En milieu de semaine, trois personnes avaient déjà été débarquées au Cap-Vert.
- Le patron de l'OMS en route pour les Canaries -
Le patron de l'OMS s'est entretenu en tête-à-tête à Madrid samedi en fin d'après-midi avec le Premier ministre espagnol Pedro Sánchez, selon qui c'était "un devoir moral et juridique" d'accueillir le MV Hondius aux Canaries.
En compagnie des ministres espagnols de la Santé et de l'Intérieur, le dirigeant éthiopien est attendu dans la soirée aux Canaries, où ils se rendront dans la foulée ensemble "au poste de coordination mis en place pour assurer un suivi direct" des opérations, selon l'exécutif à Madrid.

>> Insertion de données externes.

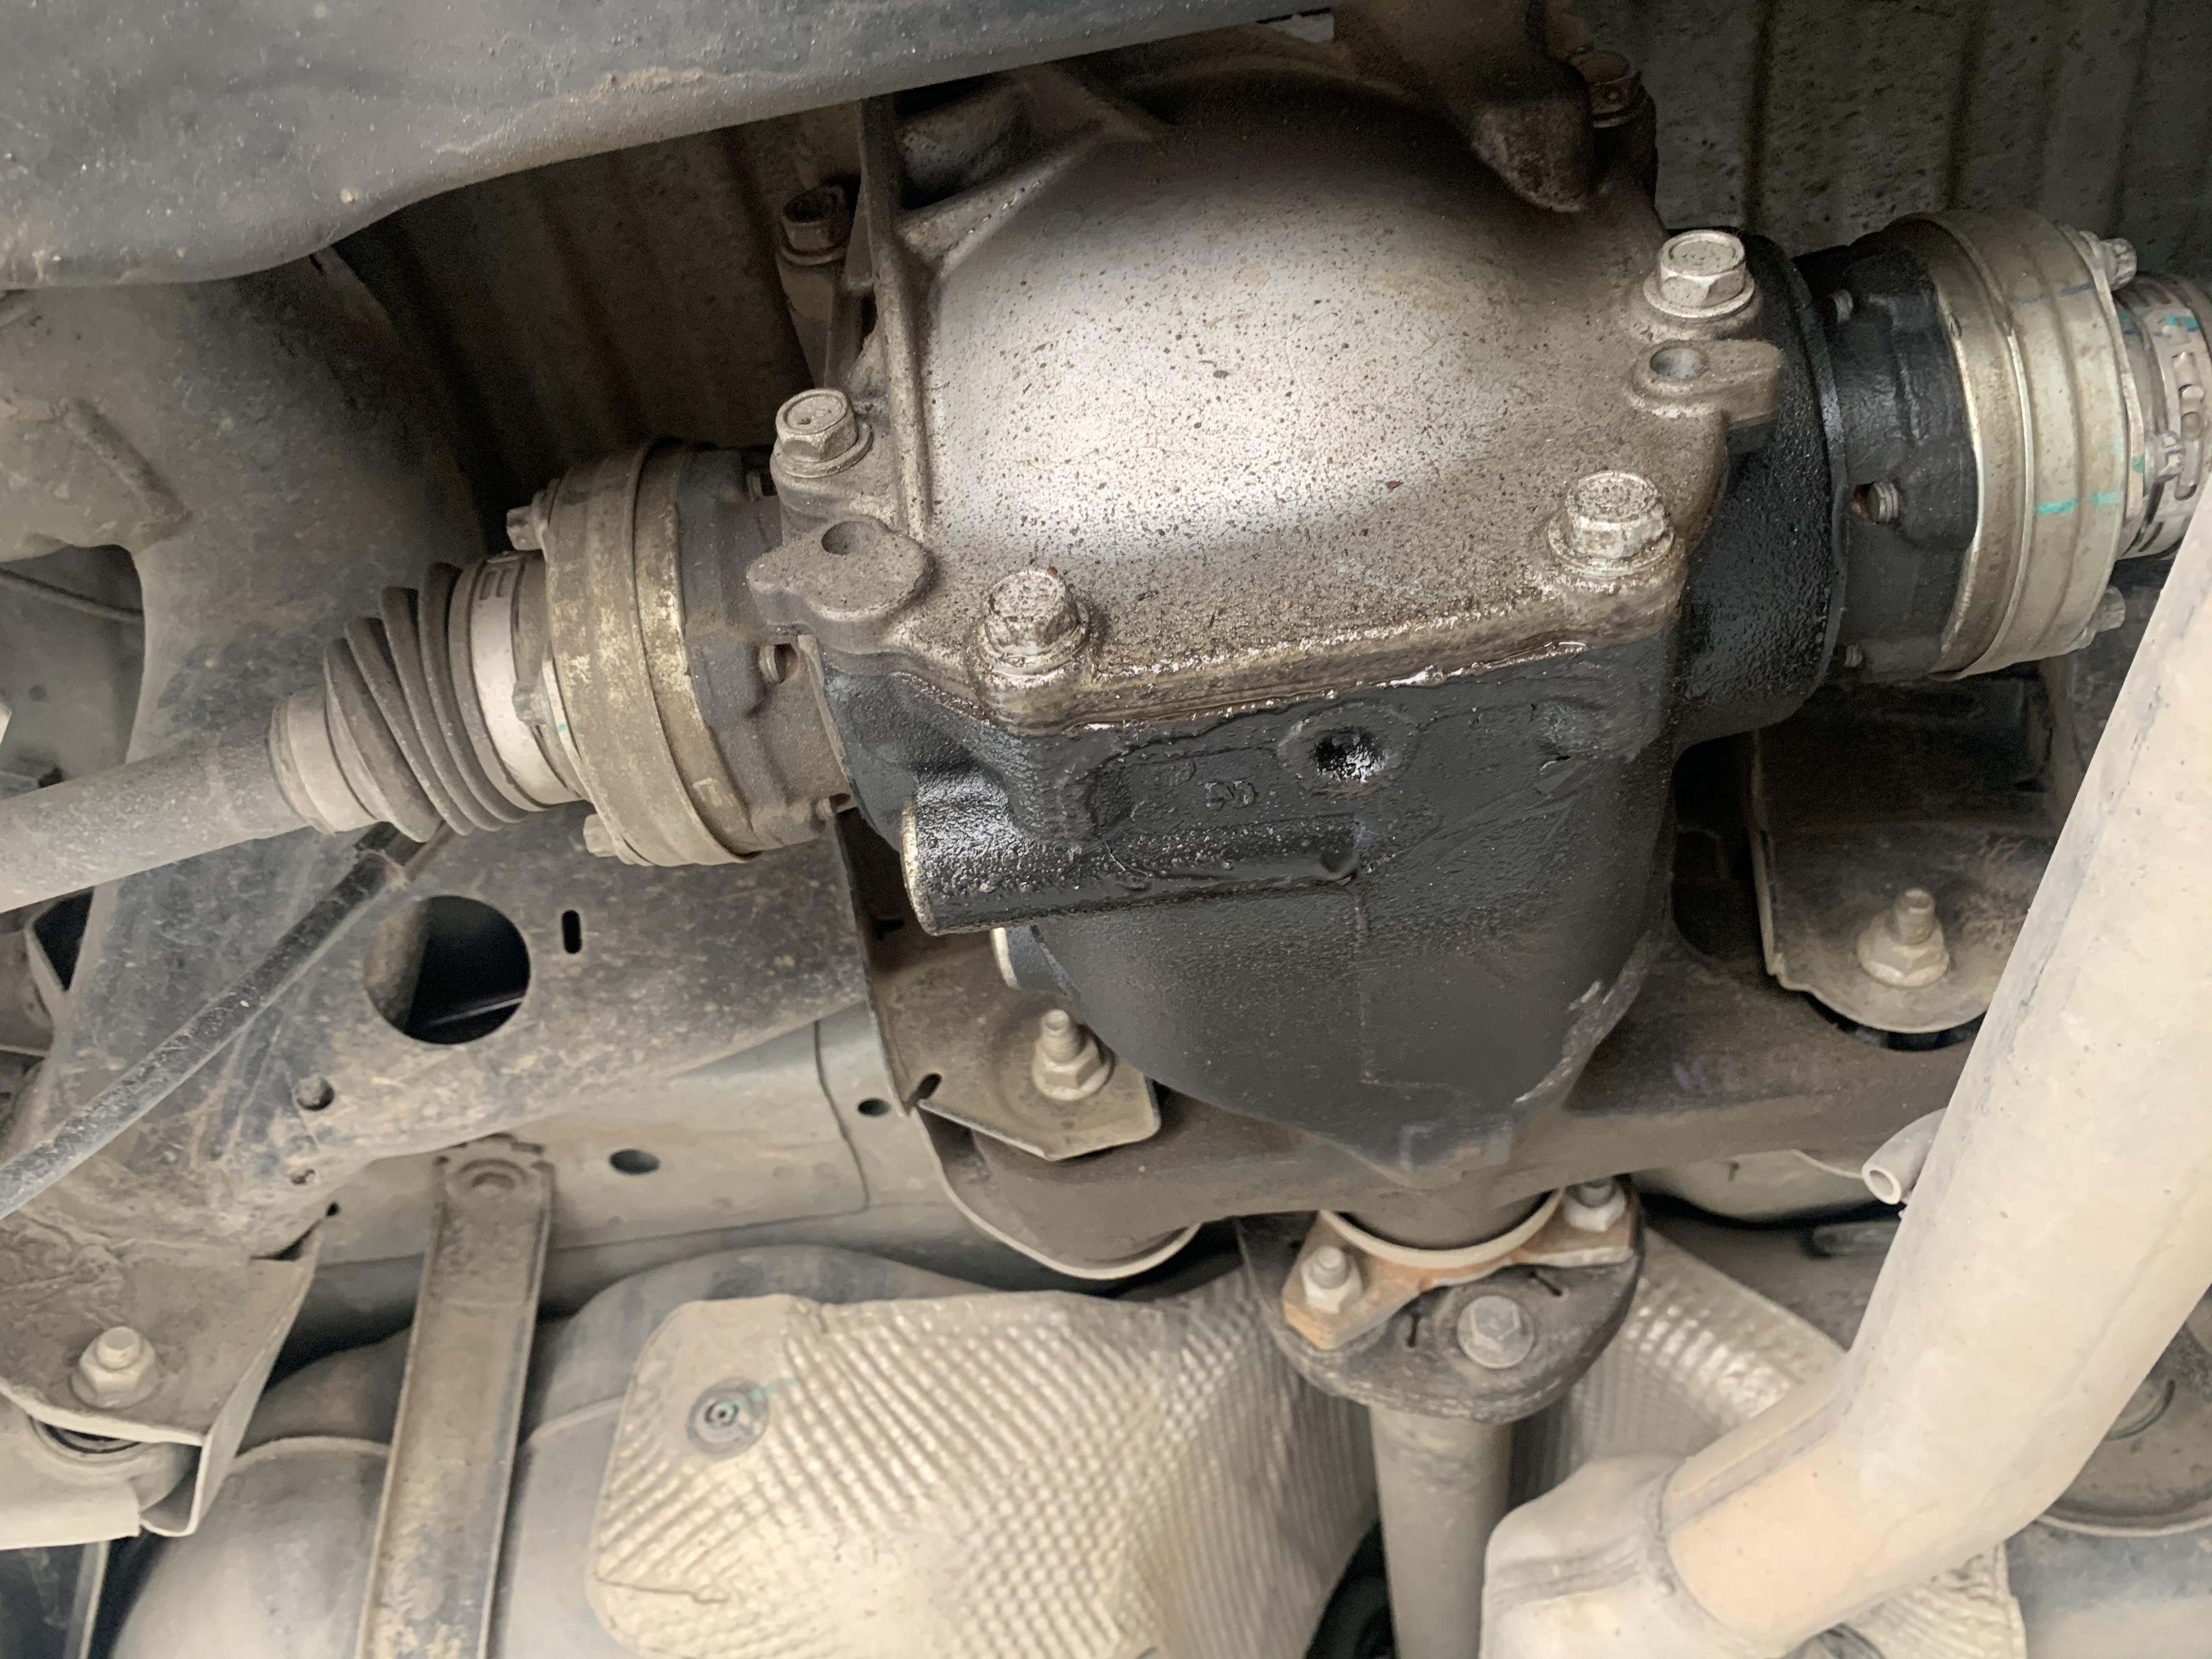 凯迪拉克-ATS-L后桥油封漏油4S店多次维修不好
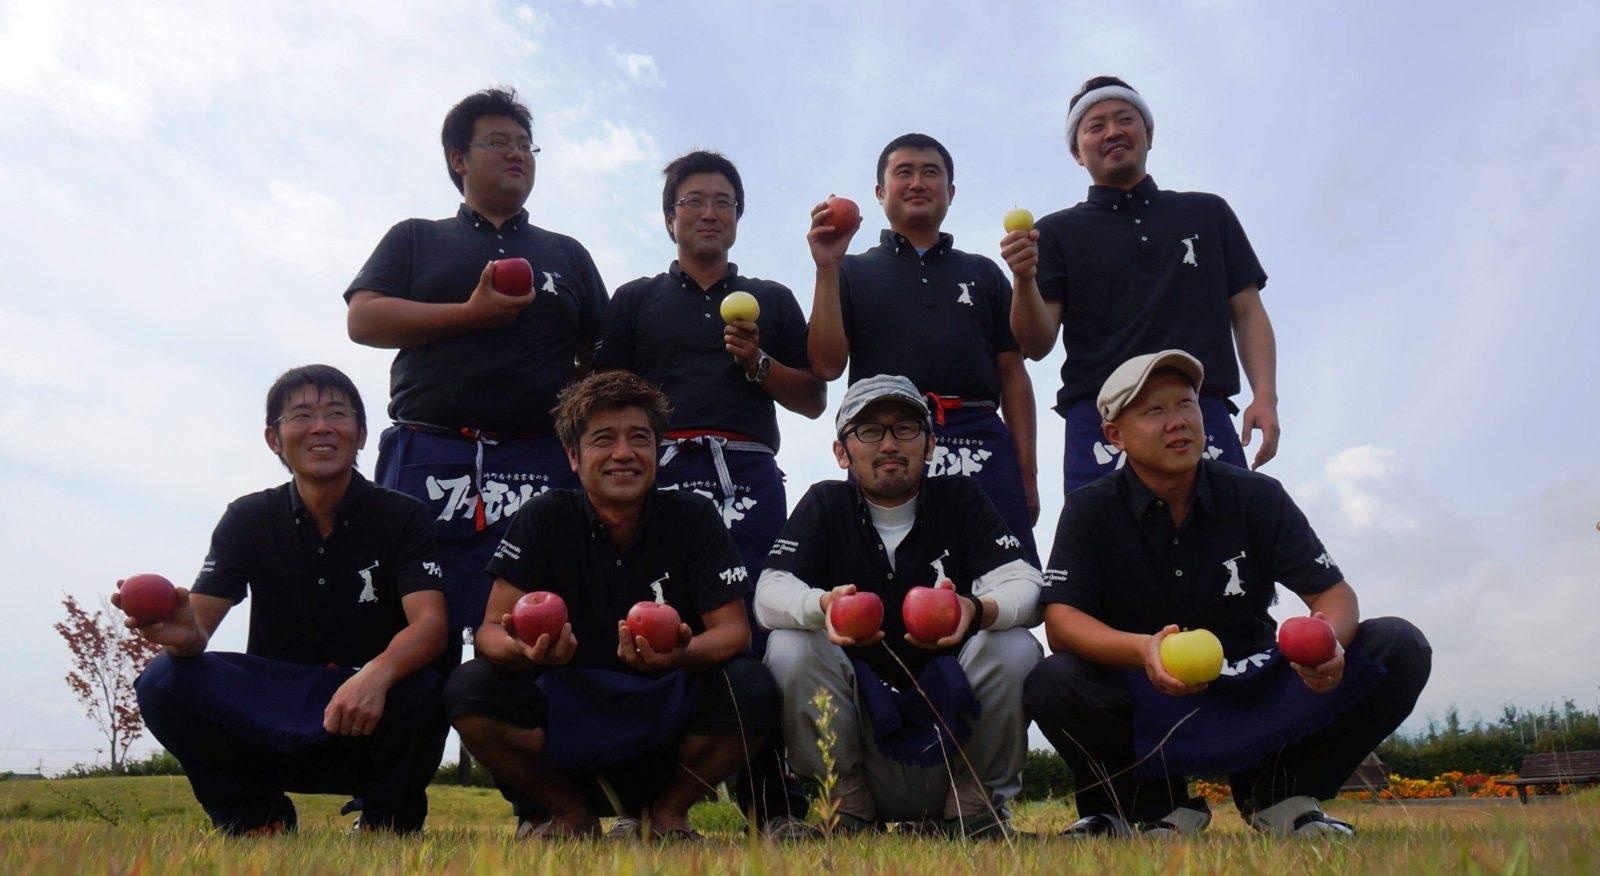 産地めぐり2018年4月号 『藤崎町若手農業者の会ワゲモンド』

L'hantavirus se transmet généralement à partir de rongeurs infectés, le plus souvent par l'intermédiaire de leur urine, de leurs excréments et de leur salive. Mais des experts ont confirmé que la variante du virus détectée à bord du navire, l'hantavirus Andes, était une souche rare qui peut se transmettre d'homme à homme avec un délai d'incubation pouvant aller jusqu'à six semaines.
Ces derniers jours, les autorités sanitaires de plusieurs pays se sont efforcées de retrouver les cas contacts pour les isoler et procéder à des tests dans de nombreux pays.